:: What the task requires ::
An acceptable answer repeats exactly the line containing "Beeren 2Pack Mix" and all lines that follow it in the listing below, and it includes no pictures.

:: Provided material ::
Segment Open
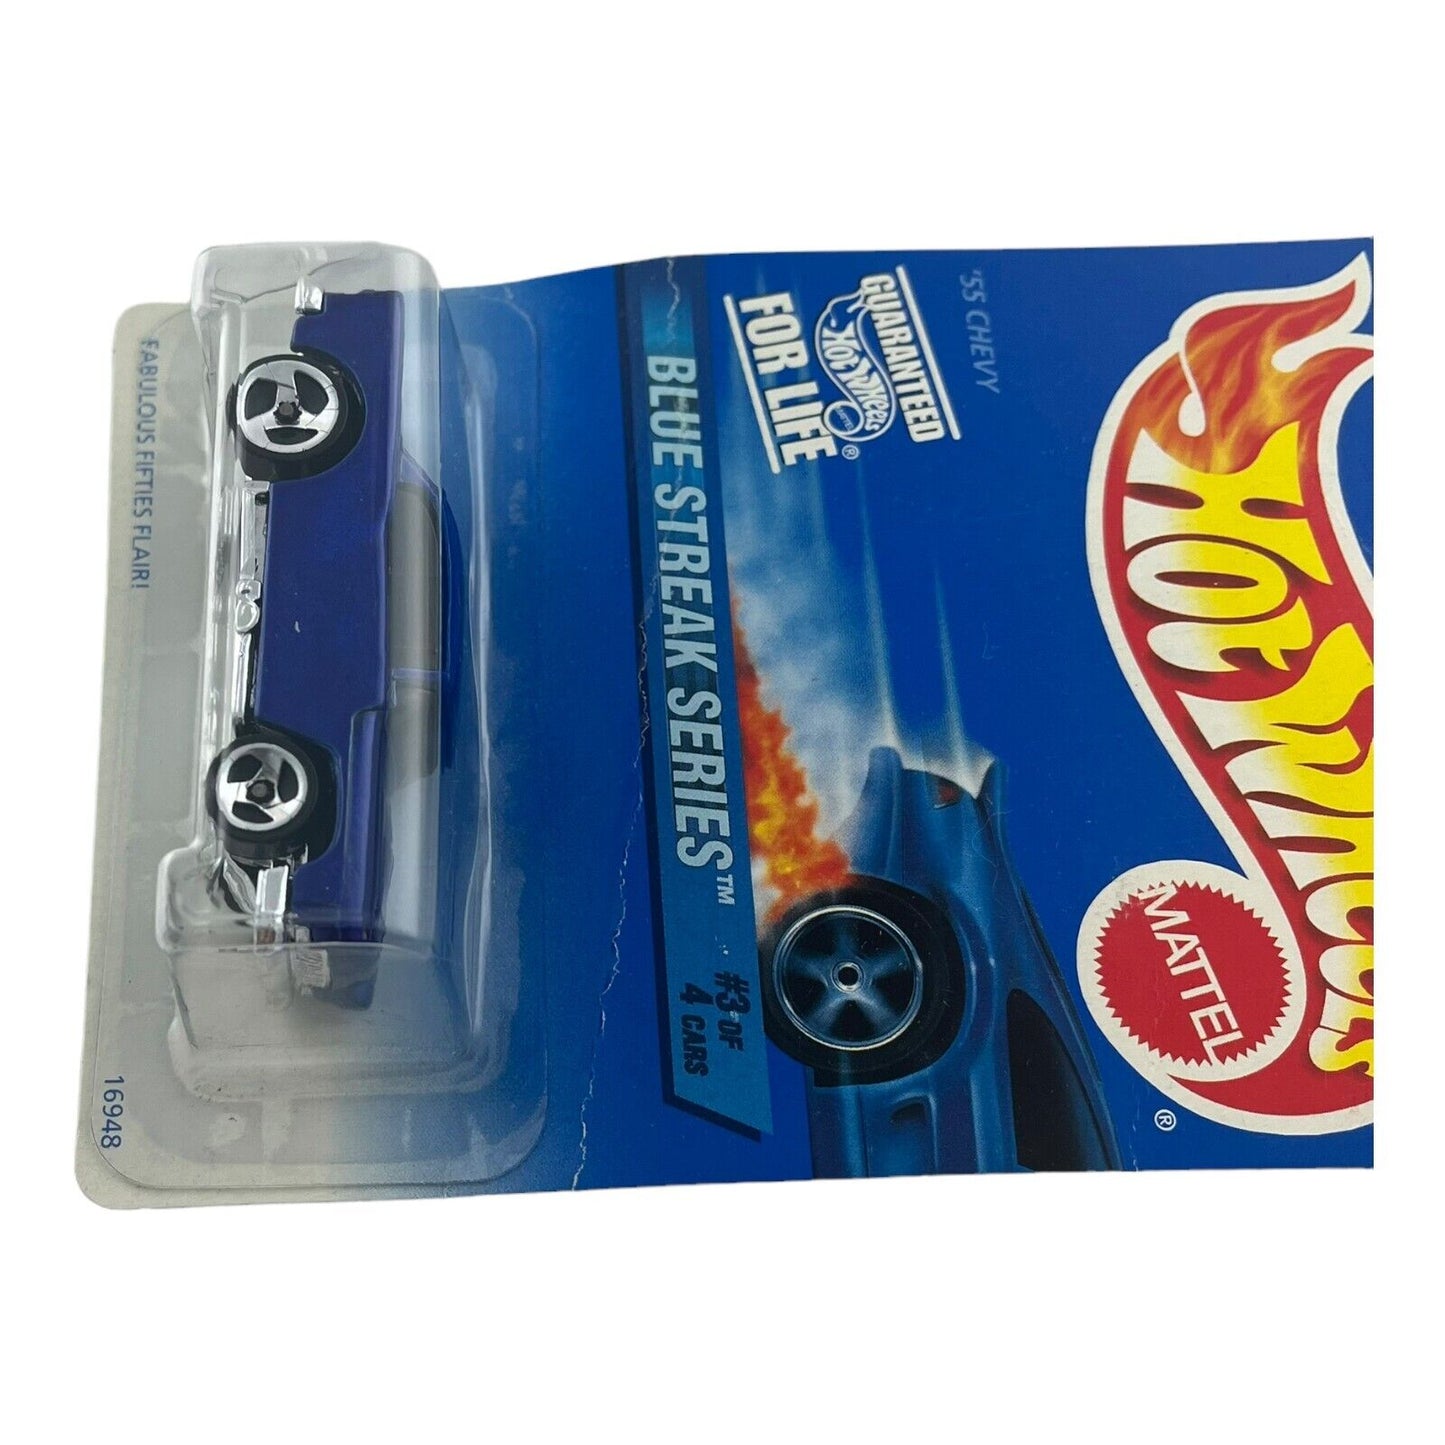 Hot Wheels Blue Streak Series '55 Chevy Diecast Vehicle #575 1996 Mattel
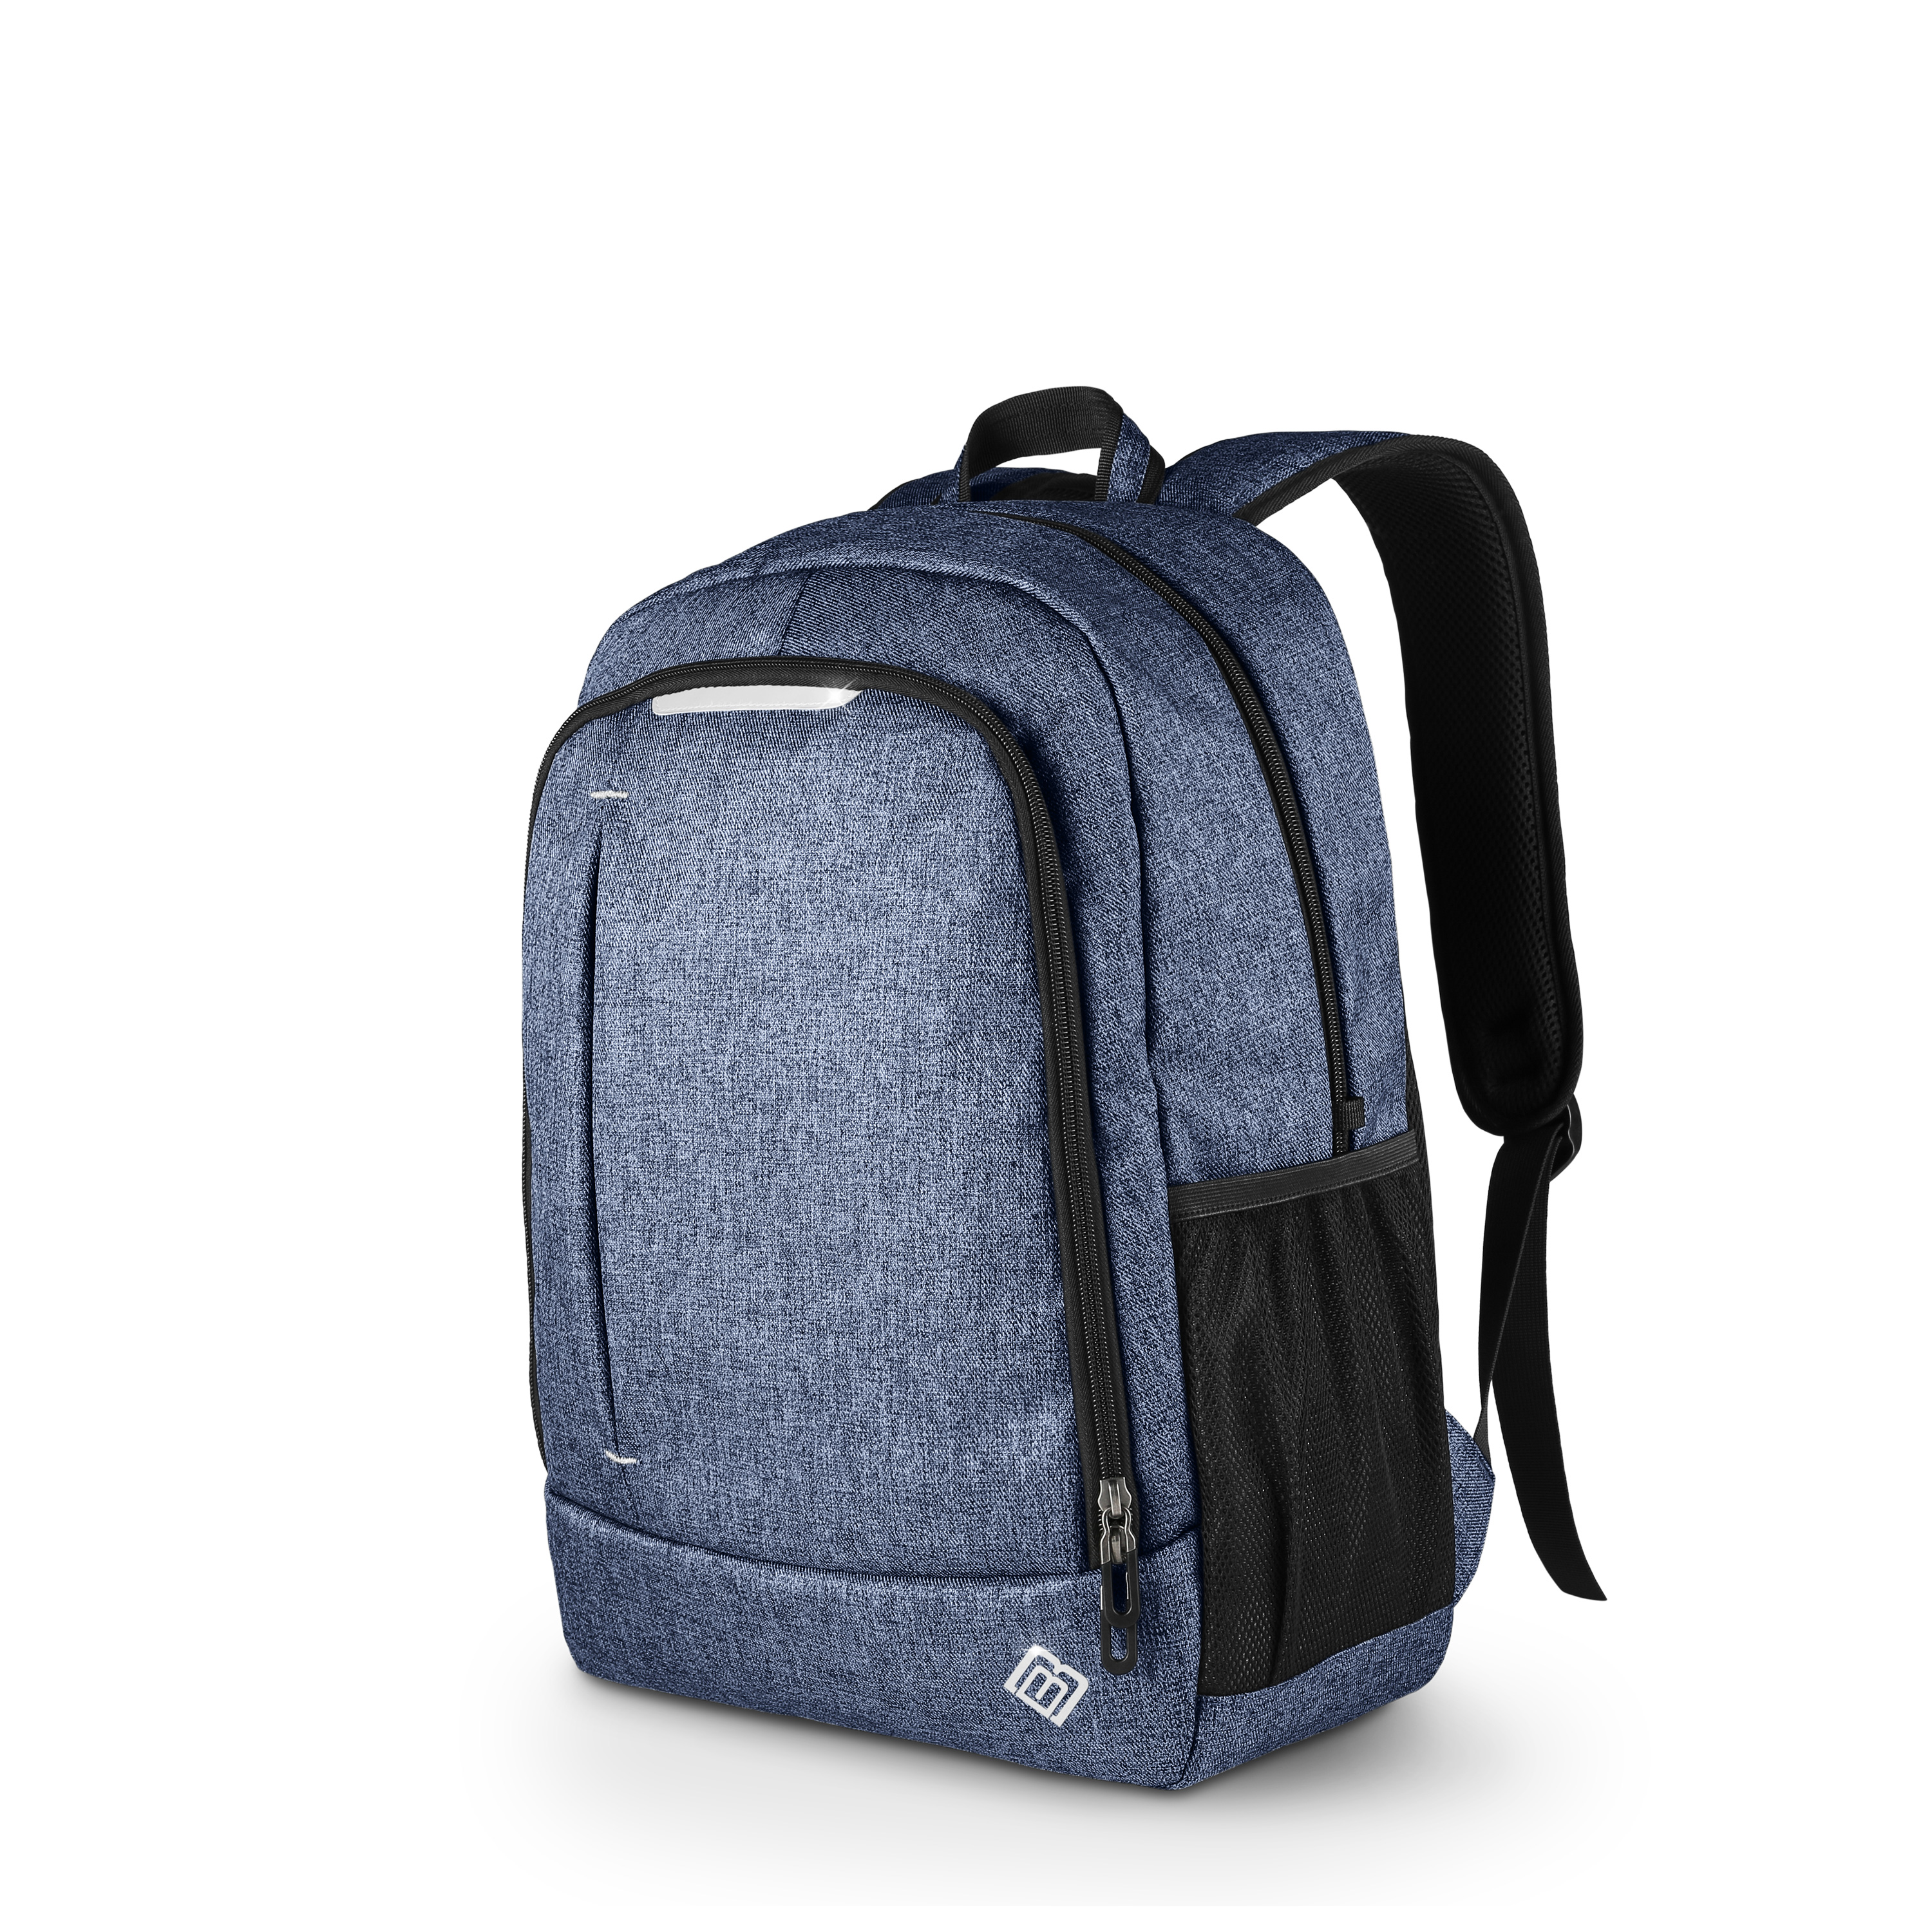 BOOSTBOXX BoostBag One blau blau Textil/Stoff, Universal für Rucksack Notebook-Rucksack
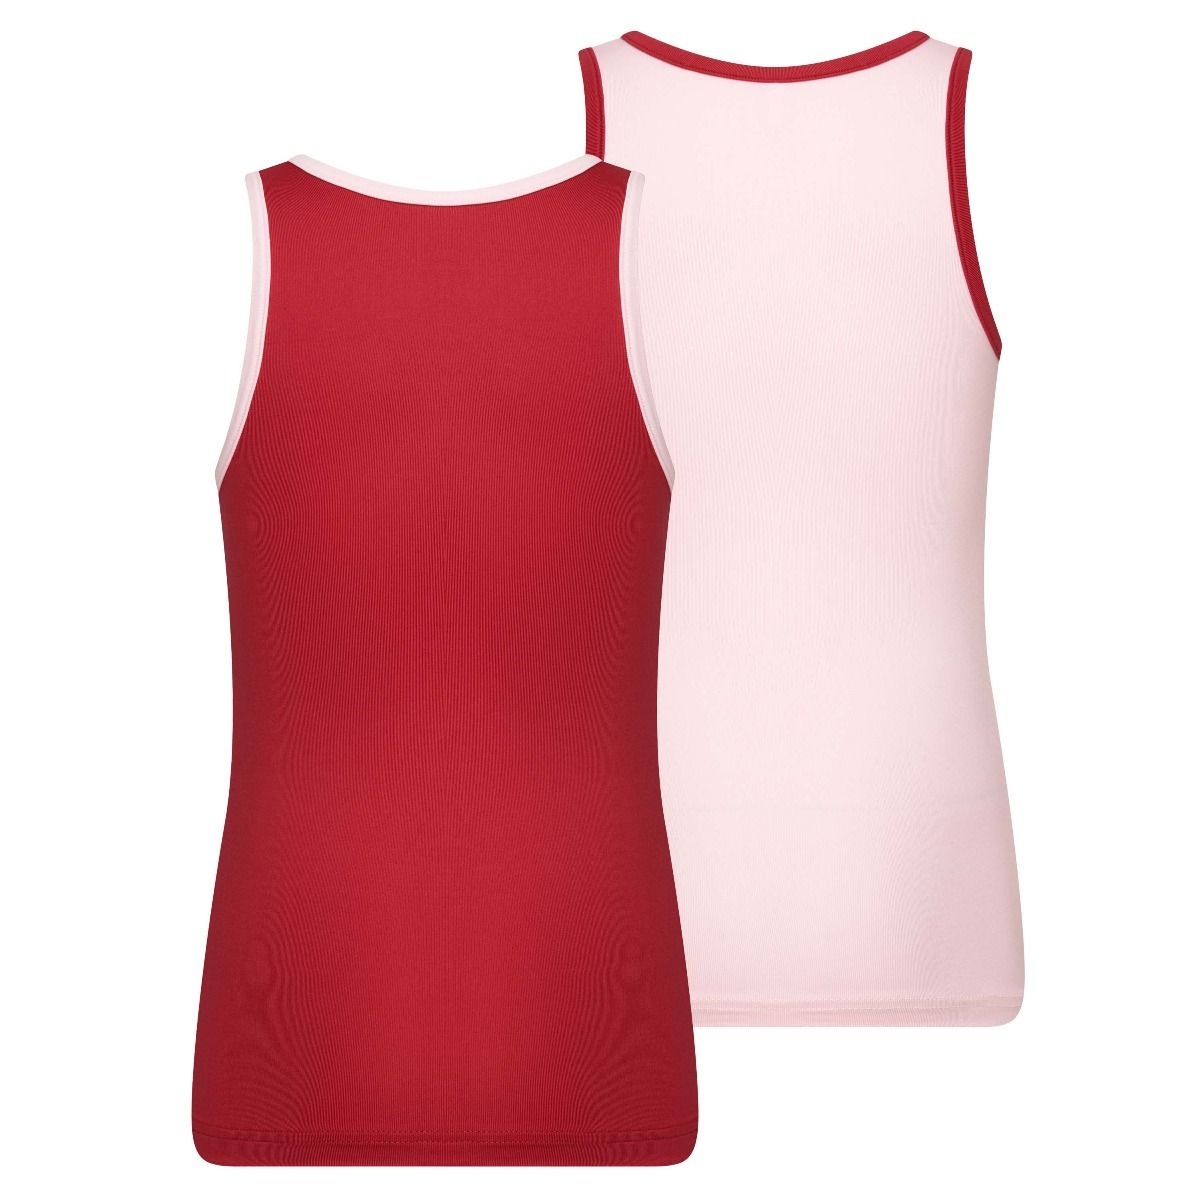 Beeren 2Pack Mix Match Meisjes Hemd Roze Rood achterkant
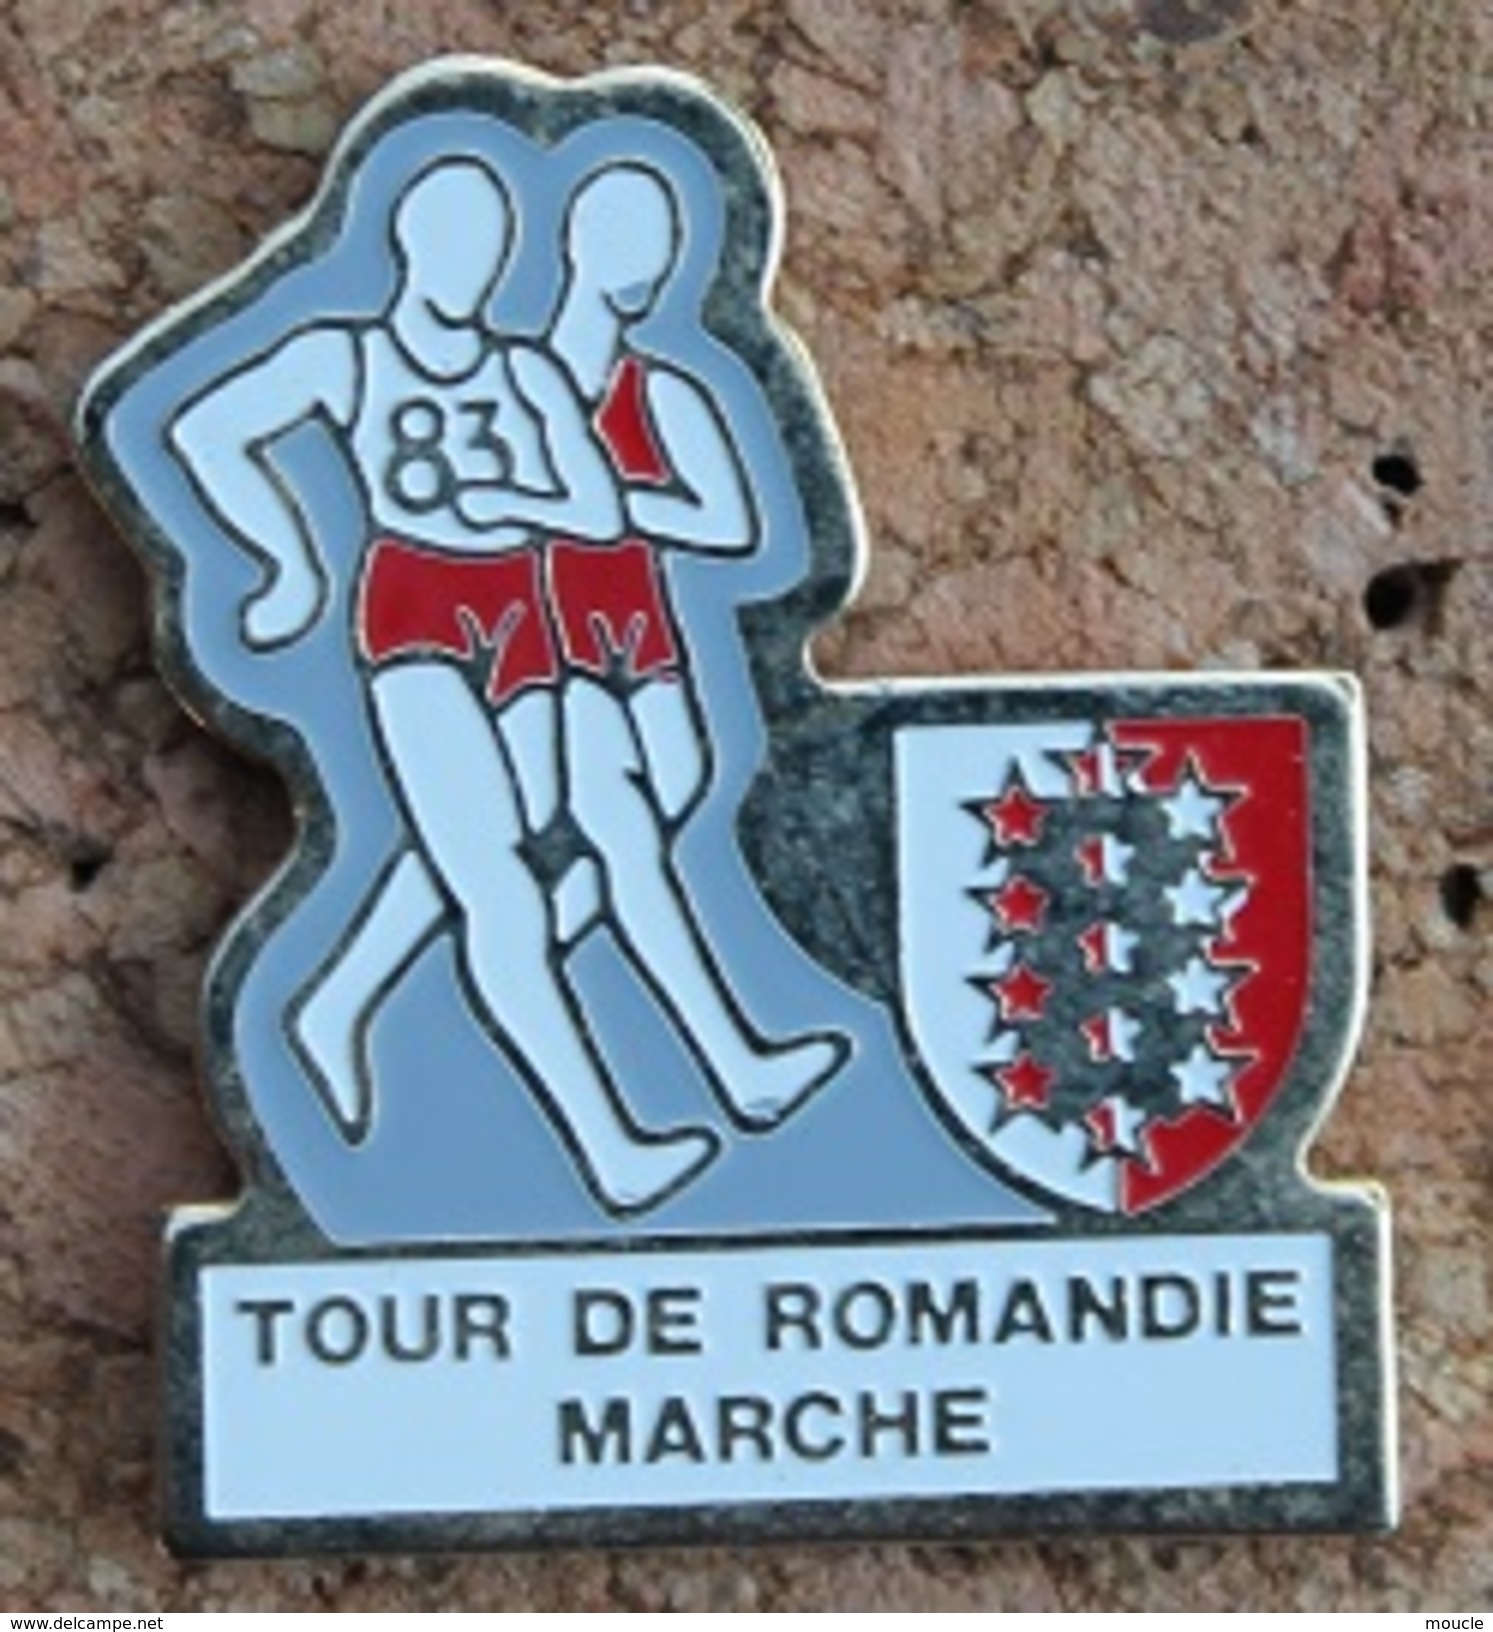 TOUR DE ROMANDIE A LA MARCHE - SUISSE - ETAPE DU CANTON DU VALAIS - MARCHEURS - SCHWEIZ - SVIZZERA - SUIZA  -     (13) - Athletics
Segment Closed
:: Response box ::
 Beeren 2Pack Mix Match Meisjes Hemd Roze Rood achterkant
 TOUR DE ROMANDIE A LA MARCHE - SUISSE - ETAPE DU CANTON DU VALAIS - MARCHEURS - SCHWEIZ - SVIZZERA - SUIZA  -     (13) - Athletics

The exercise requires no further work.